The idea is that operations in this proposal corresponds to a non-repeating sequence of native ops, so the maximum vector length should be same as hardware register size. With this it might be still possible to allocate larger buffers, and we want to give runtimes some flexibility to do that, but we can't be responsible for everything they would ultimately do (allocating a megabyte buffer for a less than a kilobyte worth of data, for example).

I am not sure setting a strict size limit (unlike the other two points) would eliminate the issue of potentially inefficient implementations. Allocating 2048 bit buffers, for, say 512 bit values would still be wasteful.

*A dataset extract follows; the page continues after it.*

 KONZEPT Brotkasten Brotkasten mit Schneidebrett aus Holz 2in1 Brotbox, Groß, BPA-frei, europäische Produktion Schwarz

lemaitre commented 3 years ago

The idea is that operations in this proposal corresponds to a non-repeating sequence of native ops, so the maximum vector length should be same as hardware register size.

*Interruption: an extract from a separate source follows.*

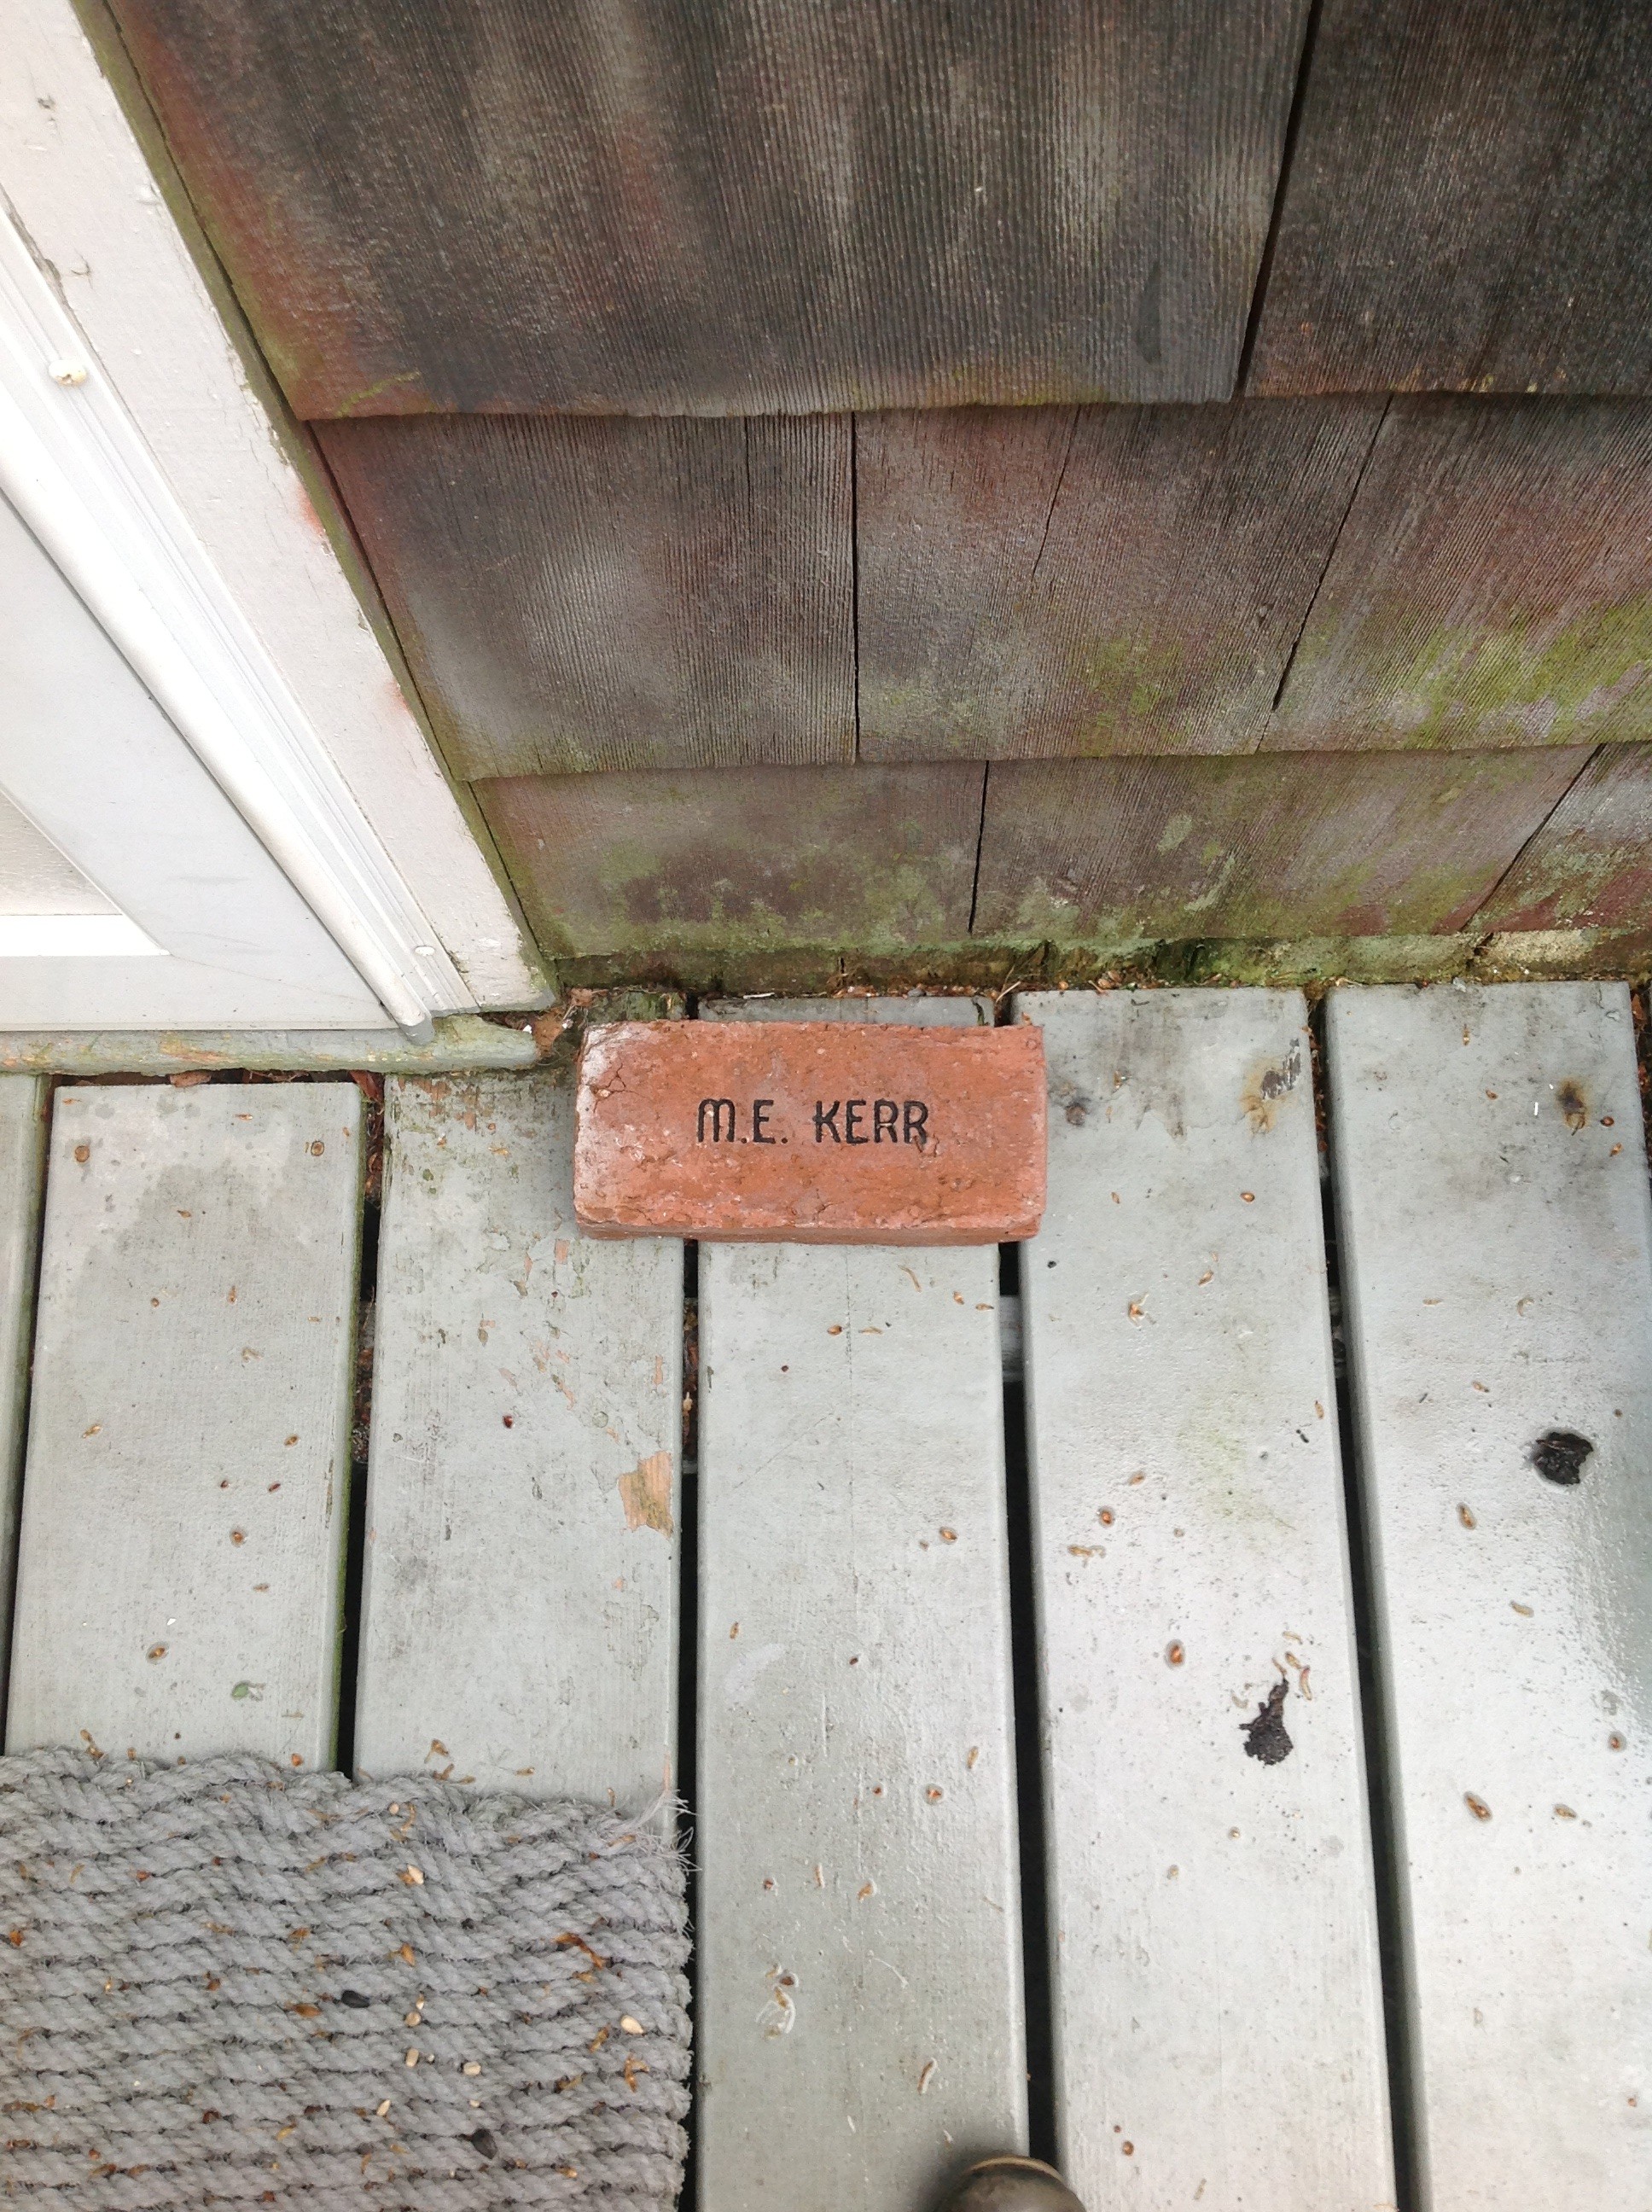 M. E. Kerr's doorstop

In theory, yes. But in practice, as the hardware register size is not know prior to runtime, the maximum vector length cannot match. Unless you were talking about the runtime constant, in that case they should match.

I am not sure setting a strict size limit (unlike the other two points) would eliminate the issue of potentially inefficient implementations. Allocating 2048 bit buffers, for, say 512 bit values would still be wasteful.

To me, vector constants fall in multiple categories:

broadcasted constants: as those are broadcasted, they should be encoded as such, and the WASM engine should decide to materialize a vector constant in memory, or use a broadcast instruction if available.
Algorithm related arrays: Those are specific to the very algorithm you are trying to implement. The size of the array depends more on your problem than on the vector length. Having a upper bound on the vector length would still be a good thing here.
index-like constant (0, 1, 2, 3, 4, ...): those are super specific to the vector length, and should have a special encoding at WASM level.
shuffling constants: shuffling is a really hard bit of flexible vectors. This needs more thoughts. I imagine that most common shuffling would have a special encoding at WASM level.
LUT within a vector: it could probably be handled by 128-bits sub-SIMD, with a broadcast of a 128-bit lane. Or with a large LUT, loop to process the whole LUT (number of iteration would depend on vector length).
LUT of vectors: Basically the same problem as shuffling constants, but with the additional constraint that offsets between vectors should be known and fixed.

A thing that could be done is a way to specify a vector by giving all its element, and when the WASM engine instantiates the code, the constant is truncated to the actual vector length. The encoding of such a constant could also support some special formats to deal with some patterns, like broadcating a 128-bit element to all 128-bit lanes, or adding the lane index to each value.

akirilov-arm commented 10 months ago

I have a couple of remarks about setting the vector length dynamically, as currently defined by the proposal. I am not sure if this is the best place to write them down, but the suggestion at the beginning would resolve them, so I will comment here.

First of all, what is the expected behaviour if the program pushes a vector value onto the stack (I am referring to the WebAssembly operand stack, not the actual machine stack in an implementation), changes the vector length, and then pops the value? In particular, consider the case in which the vector length has been decreased below the hardware limit before, and then it is increased back to the maximum imposed by the machine. Should this sequence of operations fail validation? If not, what would the value of the expanded part of the vector be?

While technically it is orthogonal to the proposal, perhaps it is a good idea to think a bit about how setting the vector length dynamically interacts with function calls, or, to put it formally, a potential procedure call standard/ABI for functions that use this operation. Would it be the responsibility of the compiler to generate code to save the previous vector length value in the "prologue" of every function that sets it (and to restore it in the "epilogue"; equivalently, both operations could be done on the caller side)? Or would it be the responsibility of the programmer (in which case saving and restoring would be performed around a vector loop, I presume)?